Depression seems to be winning. Over time my meds have changed, best i can hope for is not crying. Never a big difference and now i feel nothing, is hard to find a reason to get up. Going to doc, does anyone have input? Maybe an add on drug to boost. Thanks for listening
Changing depression medication - Mental Health Sup...
Changing depression medication
If you feel the drug is not working have words with your GP. If it helps write down what the problems are so you do not forget any urgent points.
You do not mention how long you have been on the medication. Also if there has been any changes in your condition
BOB
I take Celexa for anxiety and depression. It seems to be working for me. I'm at the highest dose and am afraid to ask for a new one. I've been on this for about 20yrs. Started out low dose and now at the top. I went thru several meds all with horrible side effects. Only to find out there are 2 serotonin types. S1 and S2. I can't take S1 category. Also I have a rescue ESA. She is my reason to get up, walk her which forces me to get outside and very comforting. As much as sometimes I don't want to especially in the cold and snow but she makes me! It's just what I needed. I hope you can find a way to break free from the horrible effects of depression.
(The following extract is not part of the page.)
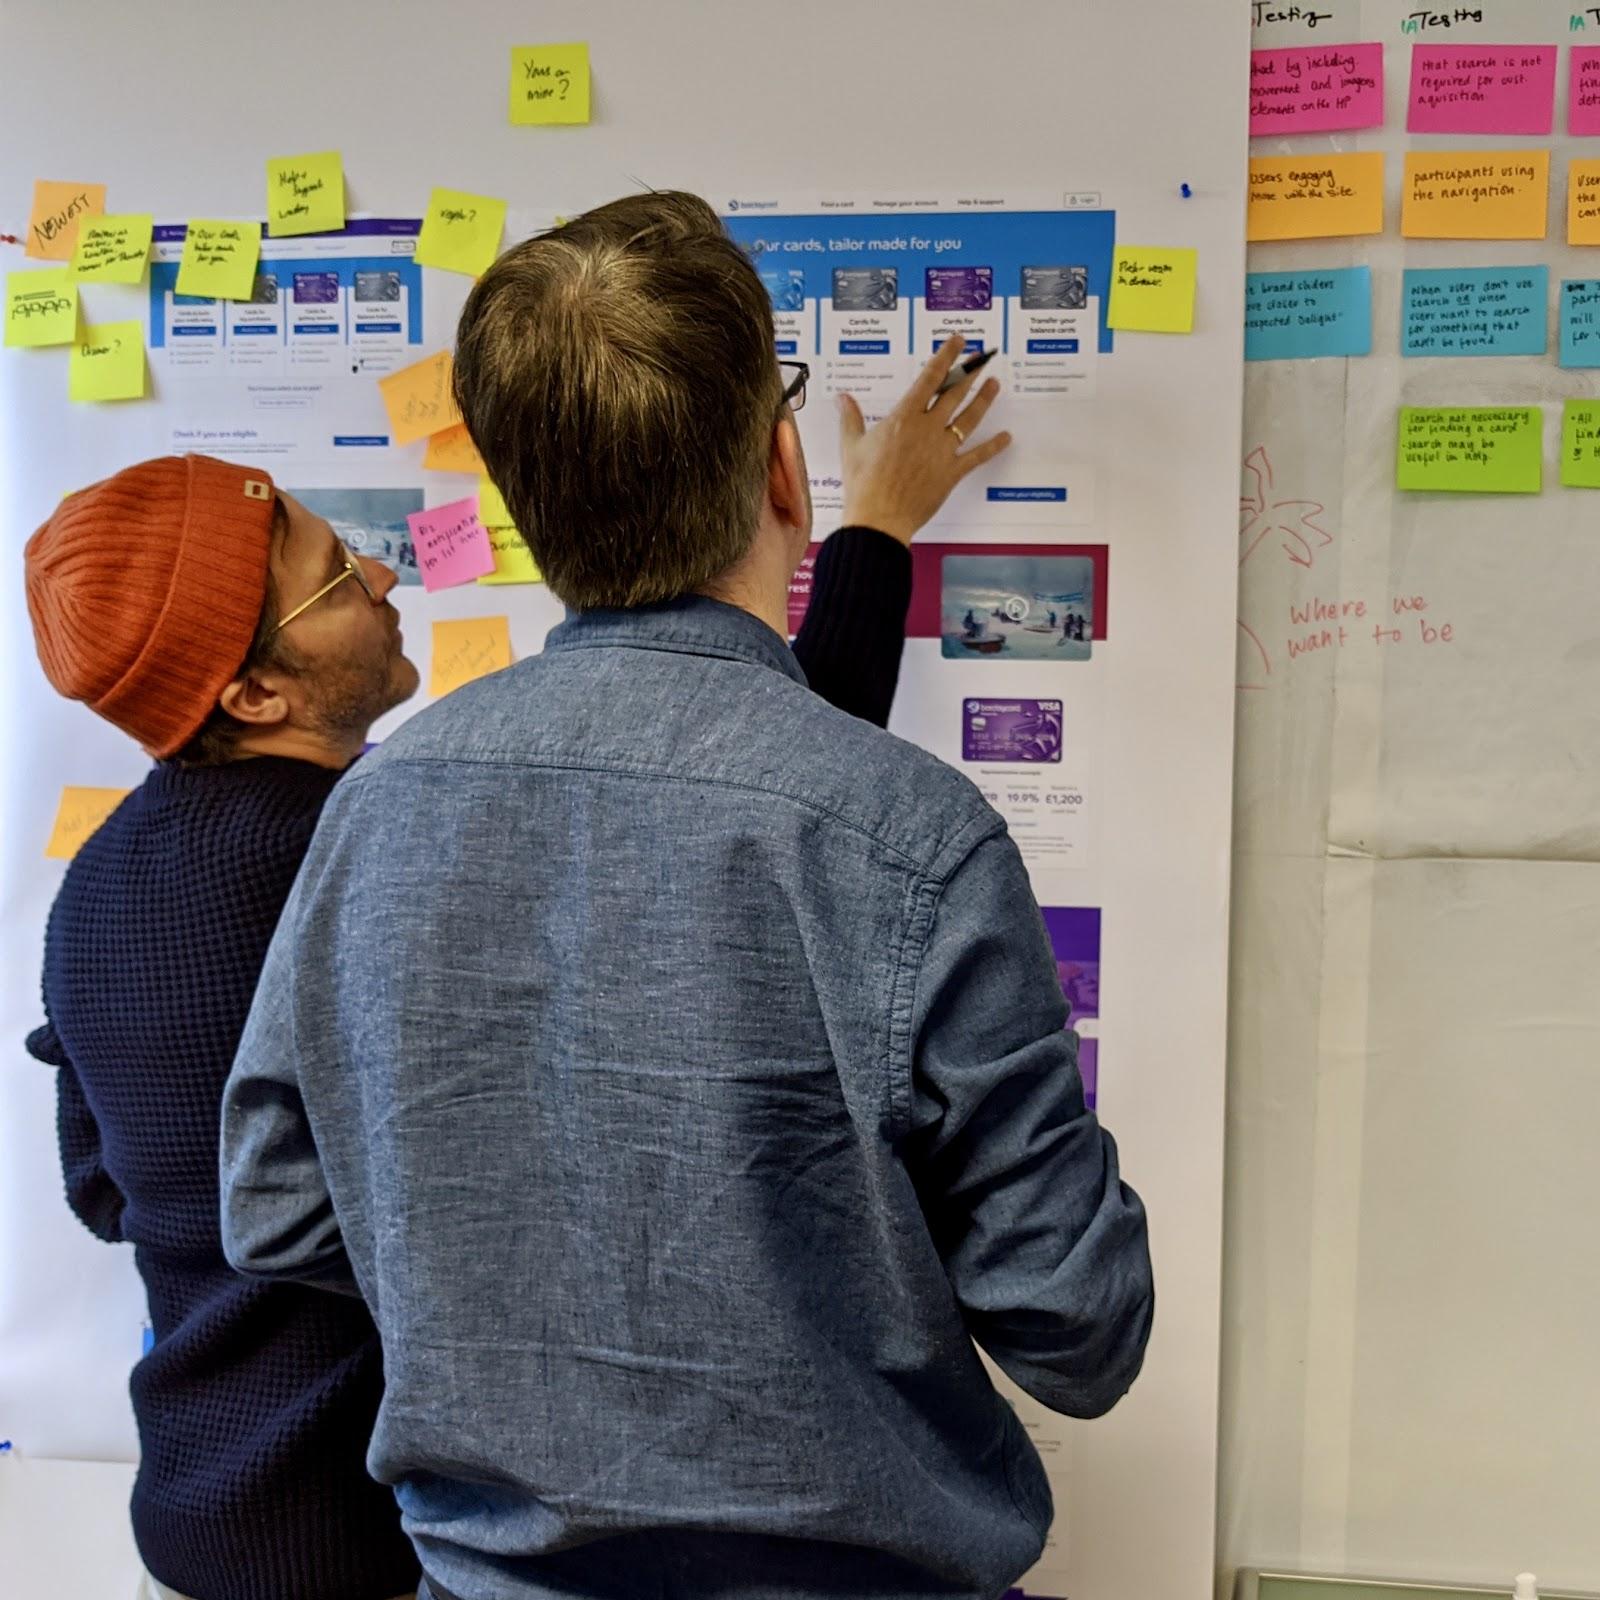 シニア製品デザイナーのコンスタンティノス・ディマコスがチームメンバーとストーリーボードについて協業している。

Dear Wildcat, I'm sorry to hear about your suffering. Depression is such a hard enemy to defeat but there's always hope. I've been on medication for a while now and there are good and bad days. Please be kind to yourself, it's not your fault that you are suffering. The universe has a greater plan for you. Please enjoy life as it comes, day by day. Depression makes us forget the happy things in life like sunshine, the sounds of birds, animals affection towards us... I have been watching comedy films when I feel really sad and it has been helping me cope with difficult times. I'm also practising spirituality including attending church on christmas, setting up the christmas tree and praying. Please know that there is always something to be happy about. You're not alone.